Iga Swiatek’s Grand Slam count in 2026: what is confirmed on May 27, 2026
As of May 27, 2026, the current 2026 coverage confirms that Iga Swiatek has won Roland Garros three times. That is a verified French Open count only, and it does not establish her full career Grand Slam total from these materials alone.
| Tournament | Category | Surface | Confirmed titles in corpus | Source |
|---|---|---|---|---|
| Roland Garros | Grand Slam | Clay | 3 | WTA Madrid entry list |
| Rome | WTA 1000 | Clay | 2 | WTA Madrid entry list |
| Stuttgart | WTA 500 | Clay | 2 | WTA Madrid entry list |
| Madrid | WTA 1000 | Clay | — | WTA Madrid entry list: “biggest clay-court title missing from her trophy cabinet.” |
What the Madrid entry list confirms
The WTA Madrid entry list is the named item that confirms the three Roland Garros titles. It also sets the broader clay context around Swiatek’s record by saying Madrid is the biggest clay-court title missing from her trophy cabinet.
That same WTA listing places her clay haul at Stuttgart twice, Rome twice and Roland Garros three times.

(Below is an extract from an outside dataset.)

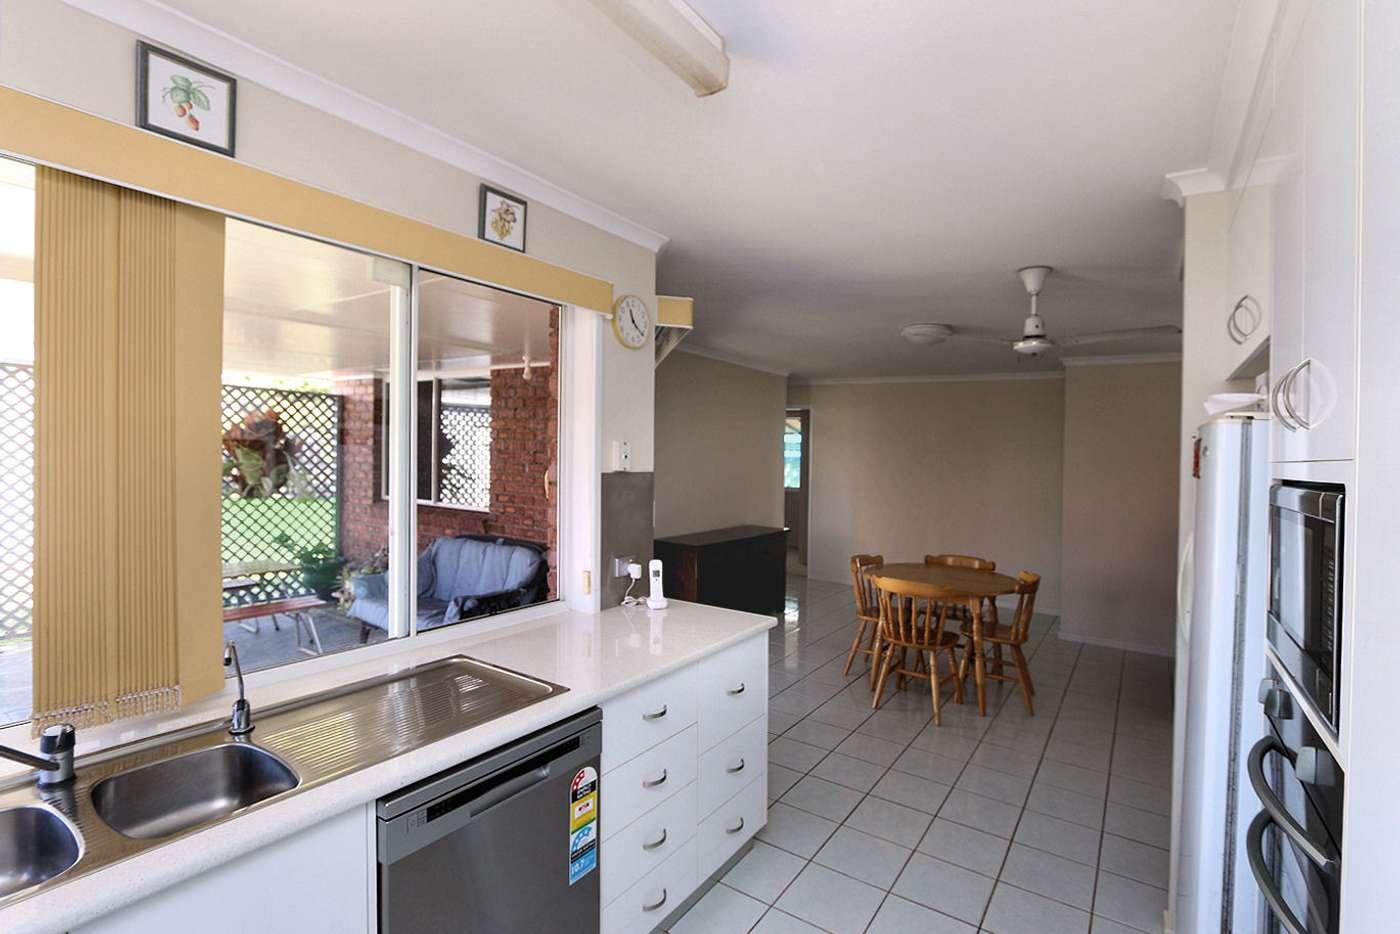 Sixth view of Homely house listing, 21 Bargara Lakes Dr, Bargara QLD 4670

So the number in the headline is not a full career major total; it is the French Open figure that the current 2026 coverage explicitly verifies.
What this count does — and does not — confirm
The current 2026 reporting clearly confirms one thing: Swiatek has three Roland Garros titles. That is the answer to the title-count question in the current coverage.
What it does not do is give a complete career Grand Slam total. From these materials, the safe statement is limited to her French Open count, not a full all-majors tally.
Rome form and why it matters on May 27, 2026
Earlier this month in Rome, the WTA reported that Swiatek beat Coco Gauff to reach a second consecutive WTA 1000 final. The same match report says she has won 11 consecutive matches and that she has played Gauff 11 times, leading the rivalry 10-1.
Tennis365 also reported that Swiatek beat Jessica Pegula to reach the 2026 Italian Open semi-finals. Taken together, those results show her clay form as of May 27, 2026.
They do not change the Grand Slam count confirmed above. They simply explain why the current 2026 conversation around Swiatek is being driven by Rome results and not by any updated major-title total.